Let $k = j+i$ and consider term $j$ in the correlation $b *_+ a$, which we call $(b *_+ a)_j$:

$(b*_+a)_j = \sum\limits_i b_ia_{j+i} = \sum\limits_k a_kb_{k-j} = \sum\limits_k a_kb_{(-j)+k} = (a*_+b)_{-j}$

We can see that term $j$ in the correlation $b*_+a$ is the same as term $(-j)$ in the correlation $a*_+b$, so the sums are in reverse order of each other.

## Part 2: Coding Correlation and Convolution

In [1]:
from urllib.request import urlretrieve
from os import path as osp


def retrieve(file_name, semester='fall22', course='371', homework=10):
    if osp.exists(file_name):
        print('Using previously downloaded file {}'.format(file_name))
    else:
        fmt = 'https://www2.cs.duke.edu/courses/{}/compsci{}/homework/{}/{}'
        url = fmt.format(semester, course, homework, file_name)
        urlretrieve(url, file_name)
        print('Downloaded file {}'.format(file_name))

In [2]:
retrieve('oracle.py')

Using previously downloaded file oracle.py


In [3]:
from oracle import oracle, show


def test(function, a=[1, 2, 3, 4], b=[5, 6]):
    for operator in ('correlate', 'convolve'):
        for mode in ('full', 'same', 'valid'):
            for f, g in ((a, b), (b, a)):
                c = function(operator, f, g, mode)
                show(operator, f, g, mode, c)

### Problem 2.1

In [4]:
def dot(a, b): 
    p_sum = 0
    for i in range(0, min(len(a), len(b))):
        p_sum += a[i] * b[i]
    return p_sum 

def flip(s):
    return s[::-1]

In [5]:
def valid_convolution(a, b):
    #ell is shorter array, s is longer array 
    ell = a
    s = b
    if(len(a) < len(b)): 
        s = a
        ell = b
    
    convolution = []
    for i in range(0, len(ell) - len(s) + 1): 
        convolution.append(dot(ell[i: i+len(s)], flip(s)))
    return convolution

In [6]:
a, b = [1, 2, 3, 4], [5, 6]
print(valid_convolution(a, b))
print(valid_convolution(b, a))

[16, 27, 38]
[16, 27, 38]


### Problem 2.2

We will use valid_convolution() to determing whether short left padding or long left padding:

In [7]:
#In short left padding, we add 1 zero to the front, two to the back, and run valid_convolution()
a = [1,2,3,4,5,6,7]
b = [8,9,10,11]

a_padded = [0,1,2,3,4,5,6,7,0,0]
print(valid_convolution(a_padded, b))

[52, 90, 128, 166, 204, 178, 136]


In [8]:
#In long left padding, we add 2 zero to the front, one to the back, and run valid_convolution()
a = [1,2,3,4,5,6,7]
b = [8,9,10,11]

a_padded = [0,0,1,2,3,4,5,6,7,0]
print(valid_convolution(a_padded, b))

[25, 52, 90, 128, 166, 204, 178]


In [9]:
c = oracle('convolve', a, b, 'same')
show('convolve', a, b, 'same', c)

convolve([1, 2, 3, 4, 5, 6, 7], [8, 9, 10, 11], same) = [25, 52, 90, 128, 166, 204, 178]

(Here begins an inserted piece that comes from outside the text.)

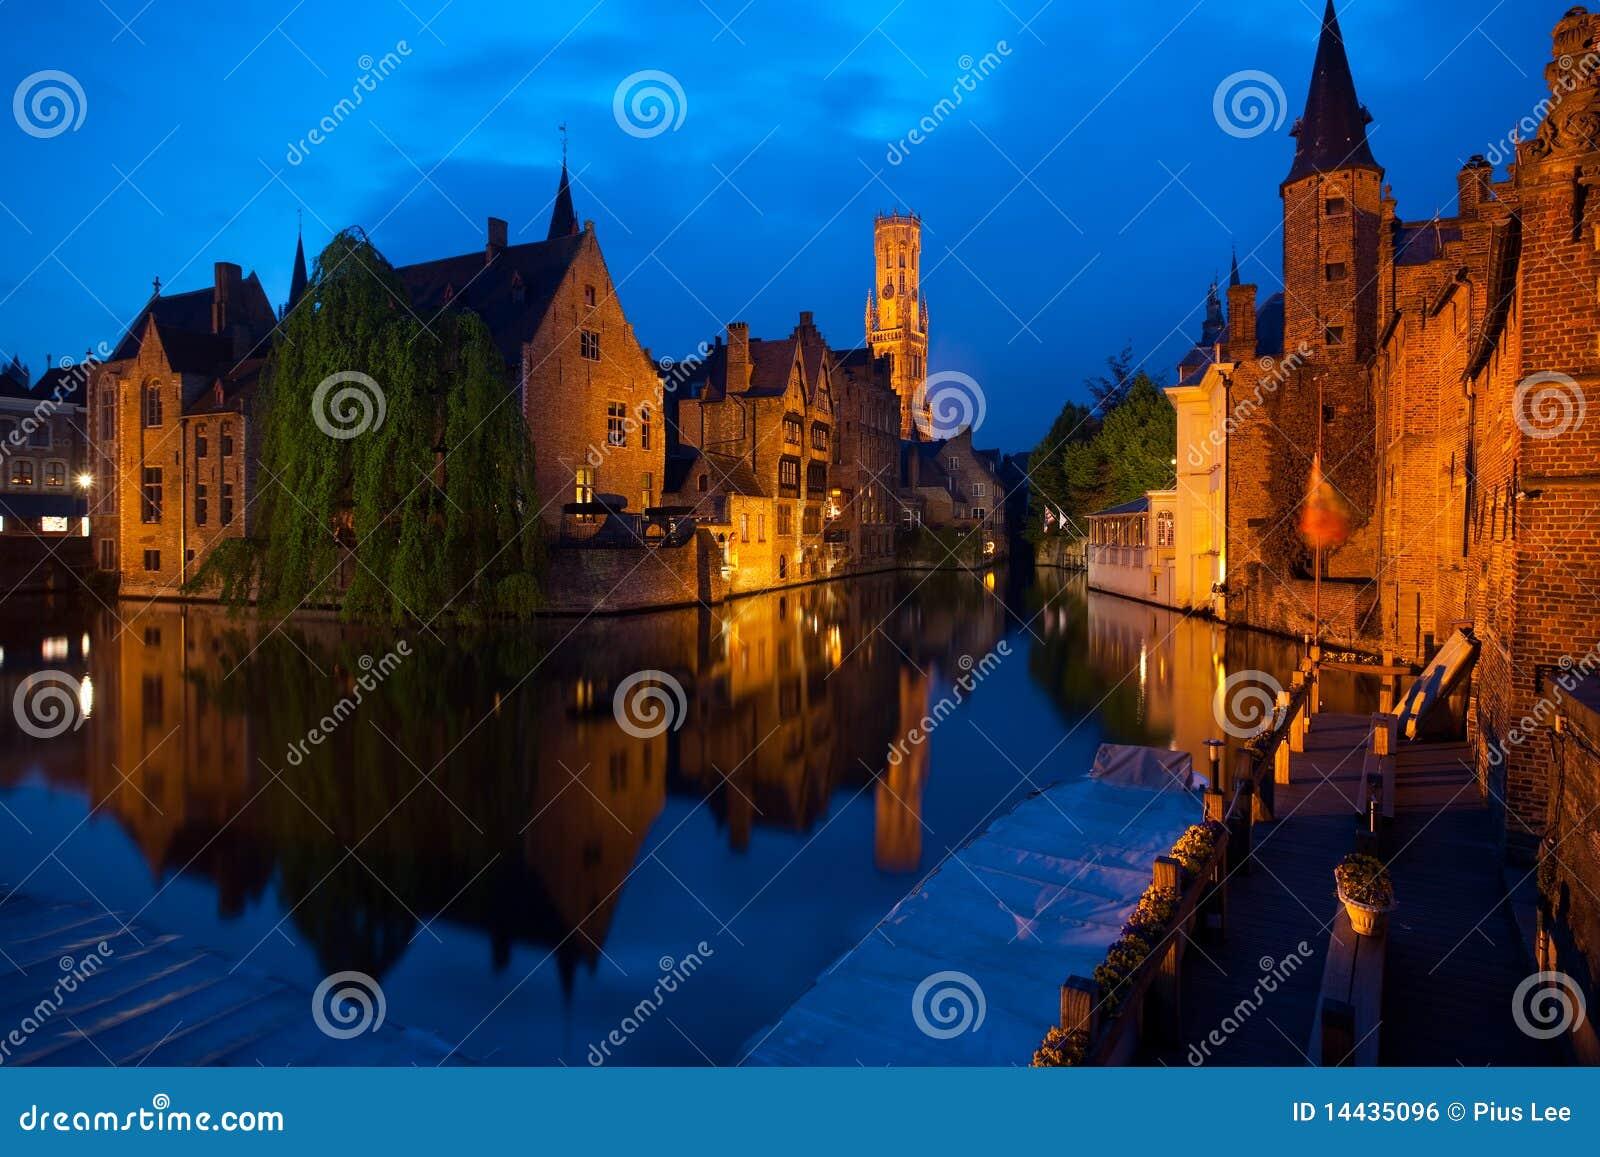 Vieille ville de Bruges la nuit

We see that the results given in our oracle() function matches with the long left padding. 

### Problem 2.3

In [14]:
def pad(array, left, right): 
    copy = []
    for i in array: 
        copy.append(i)
    for i in range(0, left): 
        copy.insert(0, 0)
    for i in range(0, right): 
        copy.append(0)
    return copy

In [16]:
import math

def apply(operation, a, b, mode):
    ell = a
    s = b
    if(len(a) < len(b)): 
        s = a
        ell = b

    if operation == 'convolve': 
        if mode == 'full': 
            ell_padded = pad(ell, math.ceil(len(s) / 2), math.floor(len(s) / 2))
            return valid_convolution(ell_padded, s)
        elif mode == 'same': 
            ell_padded = pad(ell, math.ceil((len(s) - 1) / 2), math.floor((len(s) - 1) / 2))
            return valid_convolution(ell_padded, s)
        elif mode == 'valid':
            return valid_convolution(ell, s)  
    elif operation == 'correlate': 
        if mode == 'same': 
            ell_padded = pad(ell, math.ceil((len(s) - 1) / 2), math.floor((len(s) - 1) / 2))
            if(len(b) > len(a)): 
                return apply('convolve', s, flip(ell_padded), 'valid')
            else: 
                return apply('convolve', ell_padded, flip(s), 'valid')
            
        return apply('convolve', a, flip(b), mode)

In [17]:
test(apply)

correlate([1, 2, 3, 4], [5, 6], full) = [6, 17, 28, 39, 20]
correlate([5, 6], [1, 2, 3, 4], full) = [20, 39, 28, 17, 6]
correlate([1, 2, 3, 4], [5, 6], same) = [6, 17, 28, 39]
correlate([5, 6], [1, 2, 3, 4], same) = [39, 28, 17, 6]
correlate([1, 2, 3, 4], [5, 6], valid) = [17, 28, 39]
correlate([5, 6], [1, 2, 3, 4], valid) = [39, 28, 17]
convolve([1, 2, 3, 4], [5, 6], full) = [5, 16, 27, 38, 24]
convolve([5, 6], [1, 2, 3, 4], full) = [5, 16, 27, 38, 24]
convolve([1, 2, 3, 4], [5, 6], same) = [5, 16, 27, 38]
convolve([5, 6], [1, 2, 3, 4], same) = [5, 16, 27, 38]
convolve([1, 2, 3, 4], [5, 6], valid) = [16, 27, 38]
convolve([5, 6], [1, 2, 3, 4], valid) = [16, 27, 38]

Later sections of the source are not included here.